### SUPPLIED ENTRIES
--------------------------------------------------
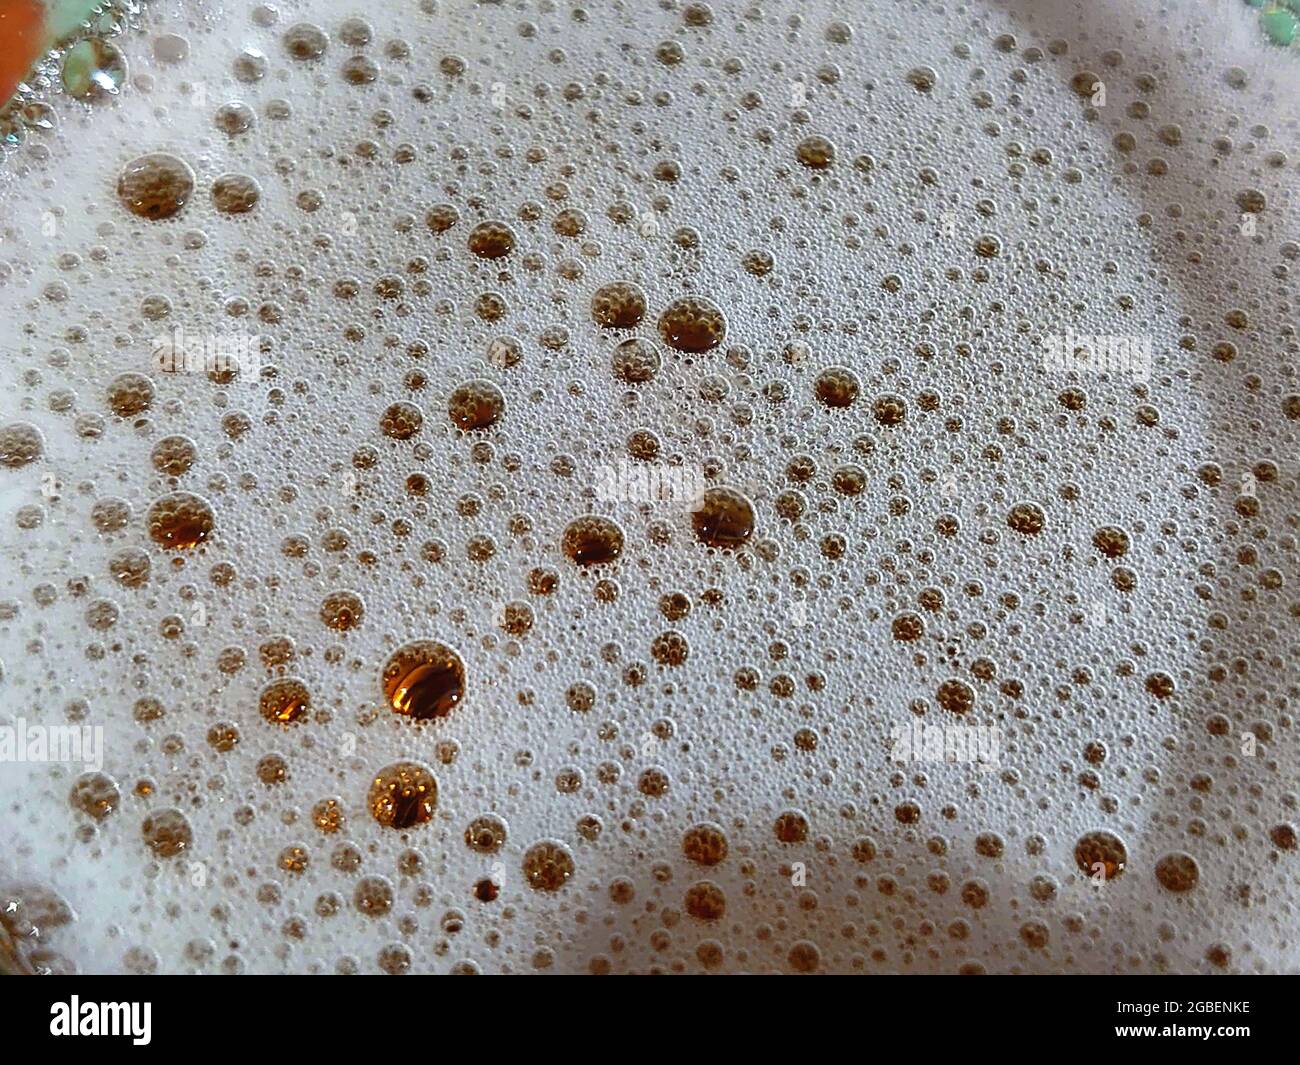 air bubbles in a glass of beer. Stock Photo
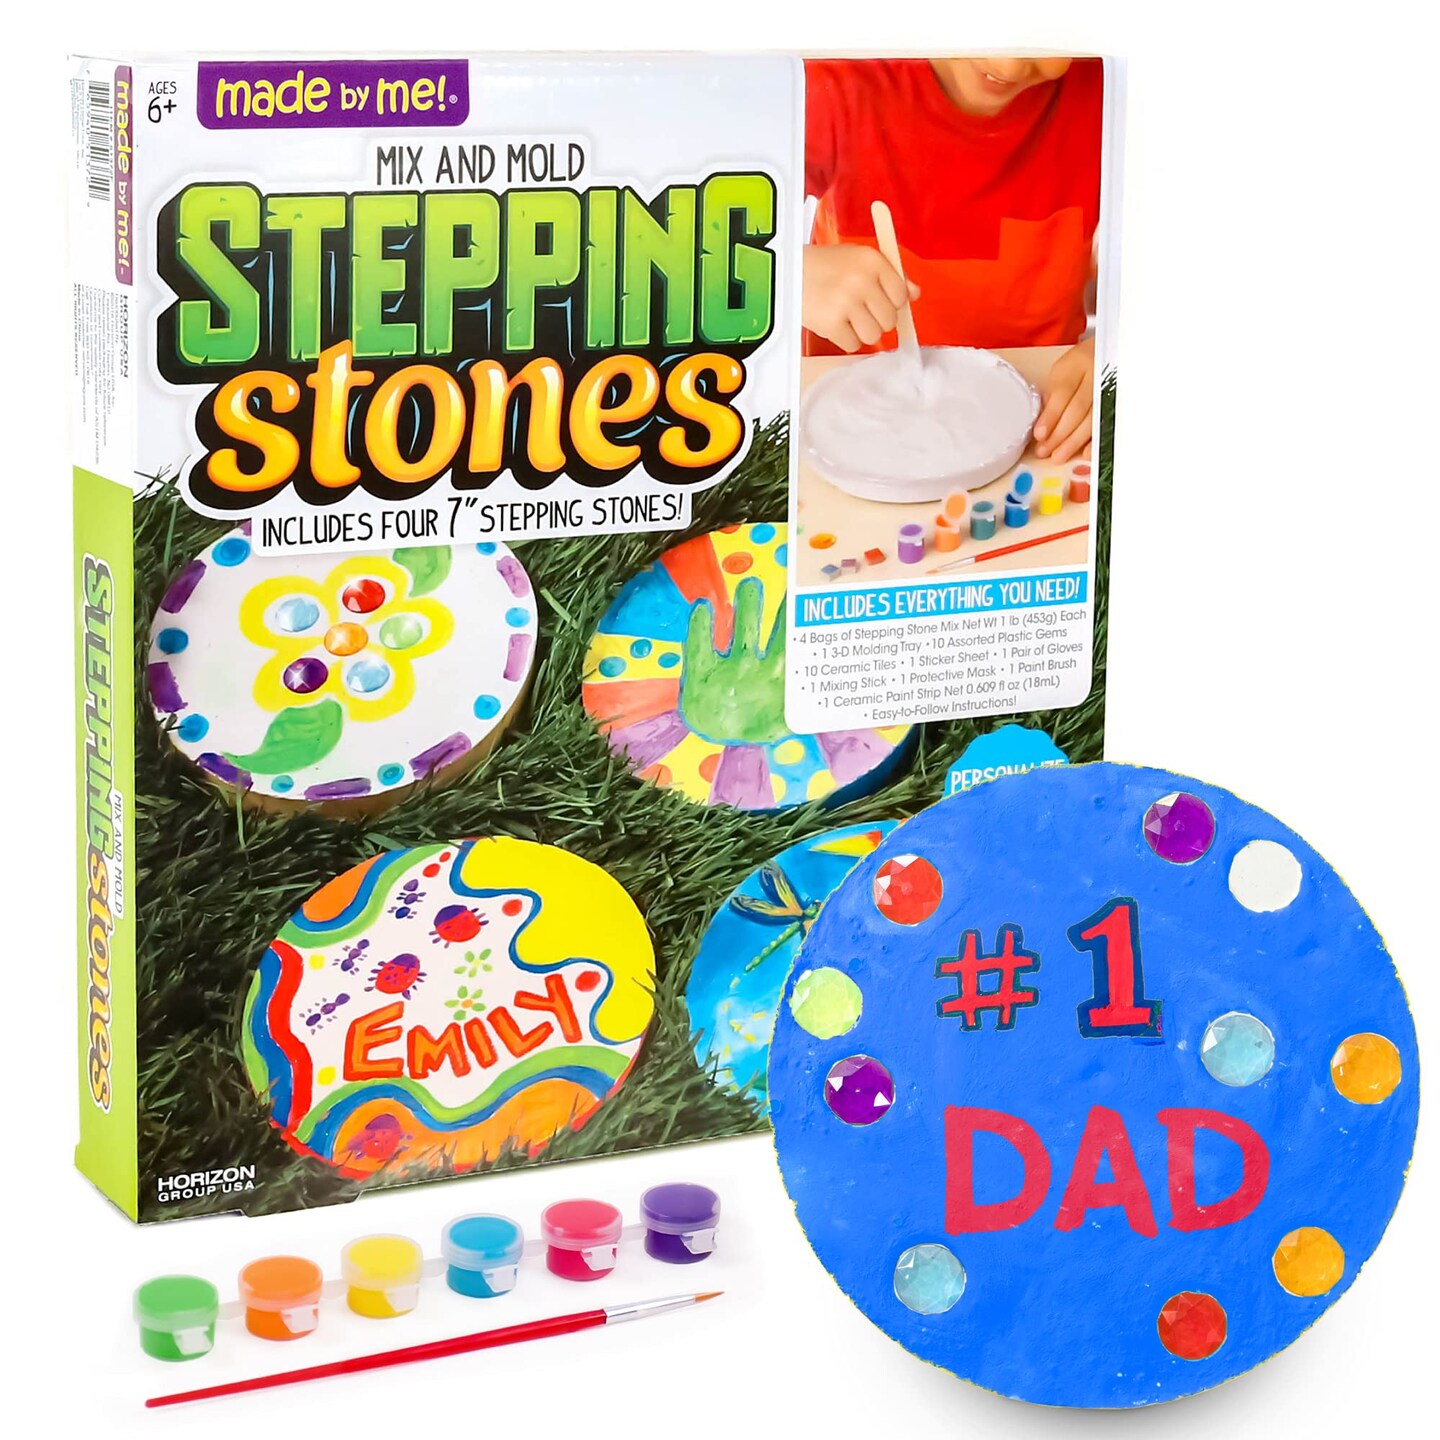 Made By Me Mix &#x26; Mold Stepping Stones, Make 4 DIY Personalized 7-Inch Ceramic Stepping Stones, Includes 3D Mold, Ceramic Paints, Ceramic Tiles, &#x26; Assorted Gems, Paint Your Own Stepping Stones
--------------------------------------------------
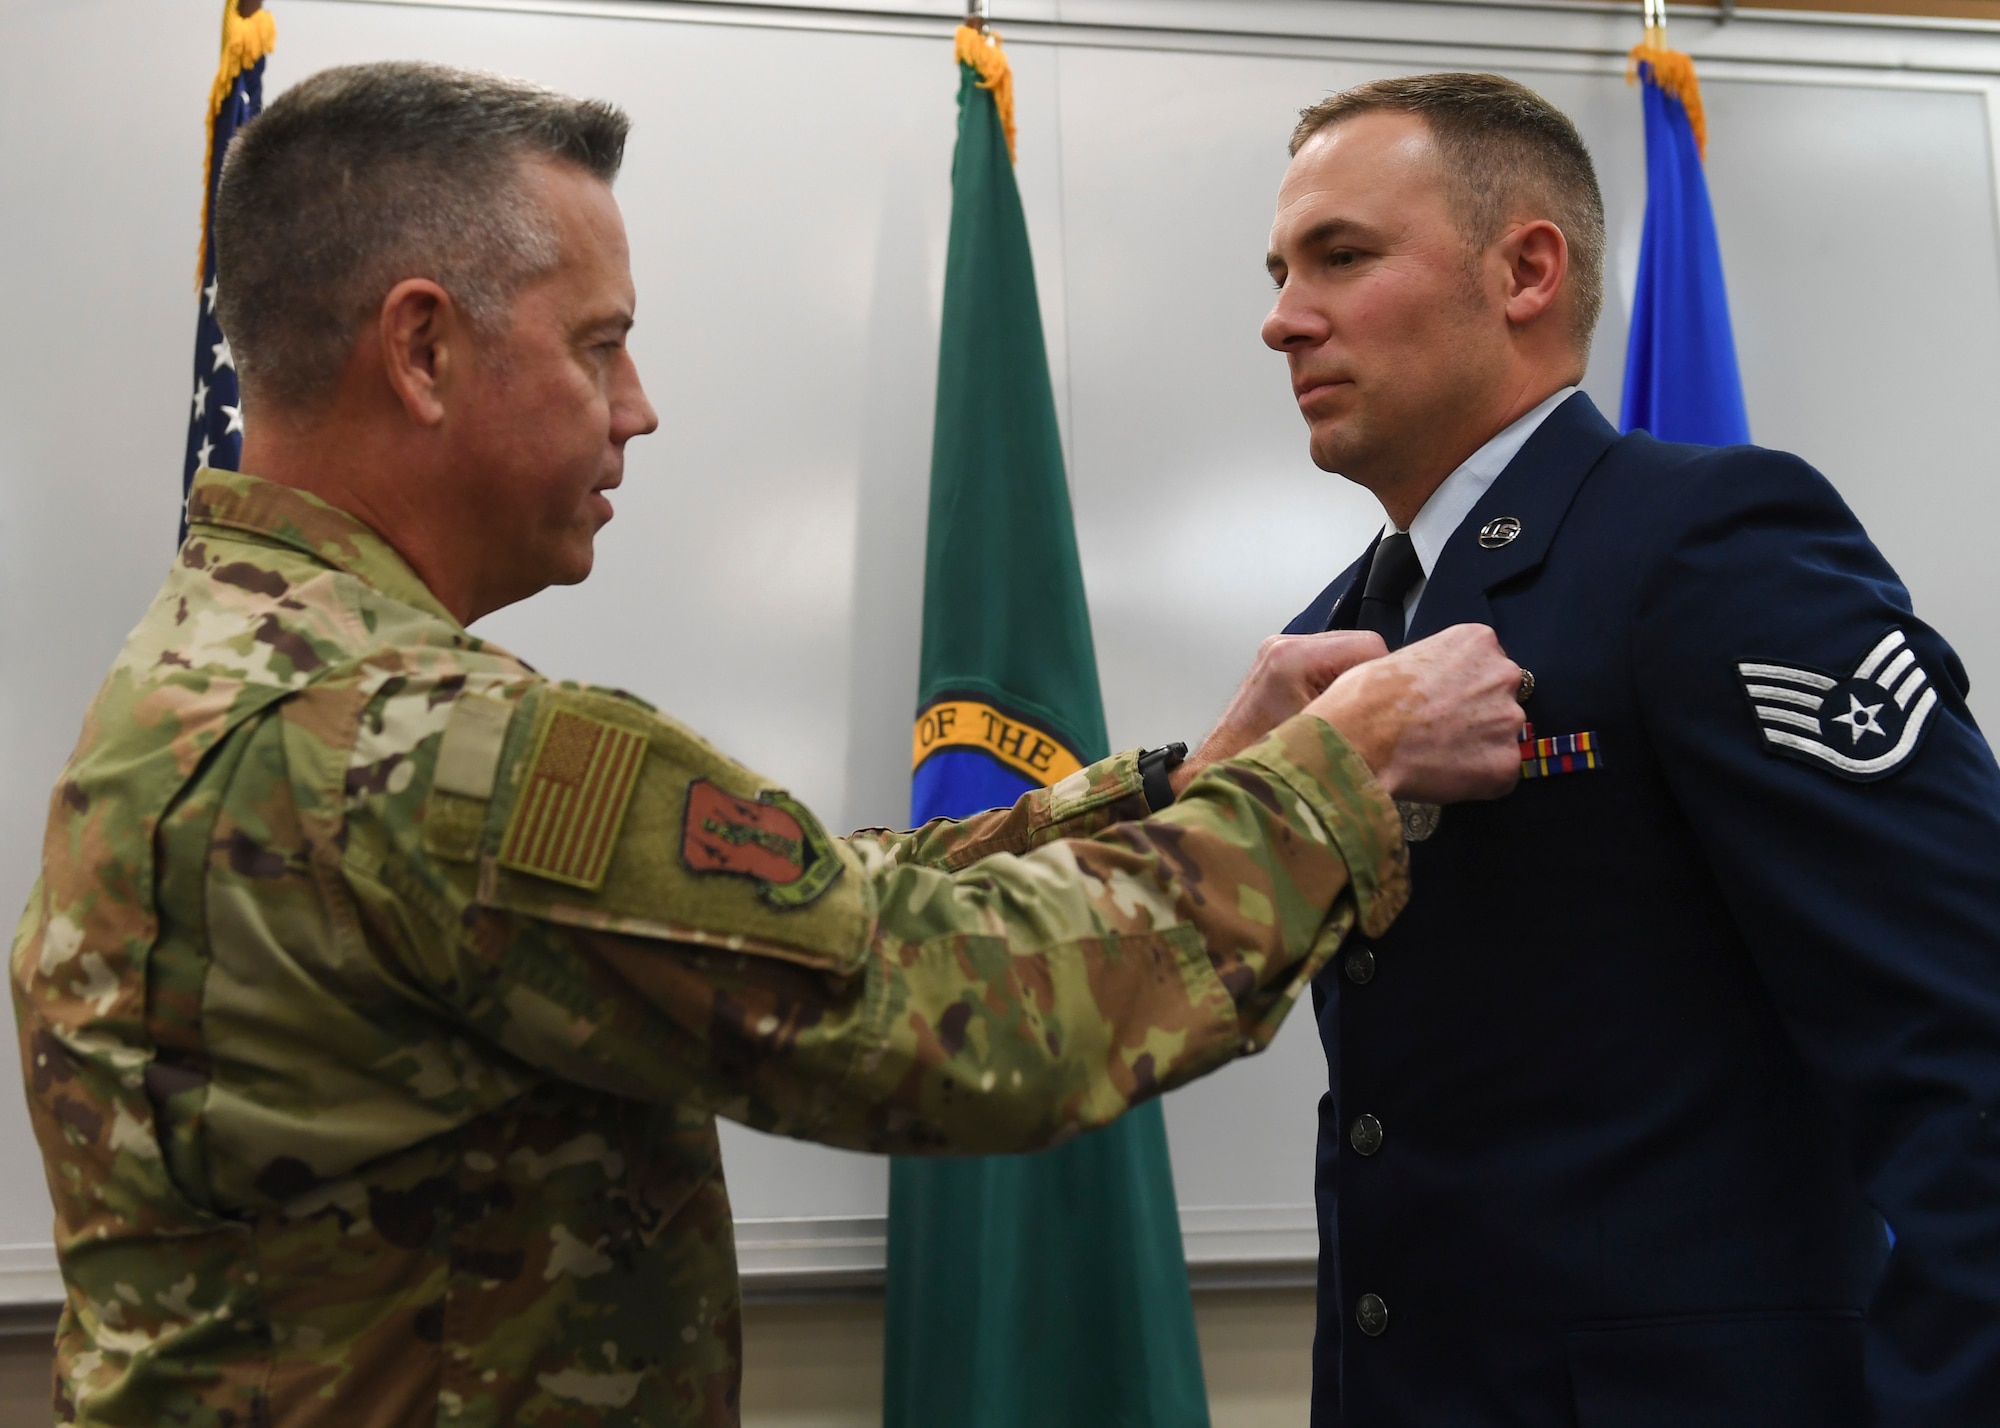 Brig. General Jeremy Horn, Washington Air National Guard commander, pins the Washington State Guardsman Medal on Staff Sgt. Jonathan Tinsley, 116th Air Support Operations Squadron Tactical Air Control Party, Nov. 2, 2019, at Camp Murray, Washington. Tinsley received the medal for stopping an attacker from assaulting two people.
--------------------------------------------------
### YOUR TASK
Look above for the line with "air bubbles in a glass of beer. Stock Photo" and the line with "Made By Me Mix", then restate exactly those two lines and all lines between them, with no pictures.

### EXERCISE ANSWER
 air bubbles in a glass of beer. Stock Photo
 Made By Me Mix &#x26; Mold Stepping Stones, Make 4 DIY Personalized 7-Inch Ceramic Stepping Stones, Includes 3D Mold, Ceramic Paints, Ceramic Tiles, &#x26; Assorted Gems, Paint Your Own Stepping Stones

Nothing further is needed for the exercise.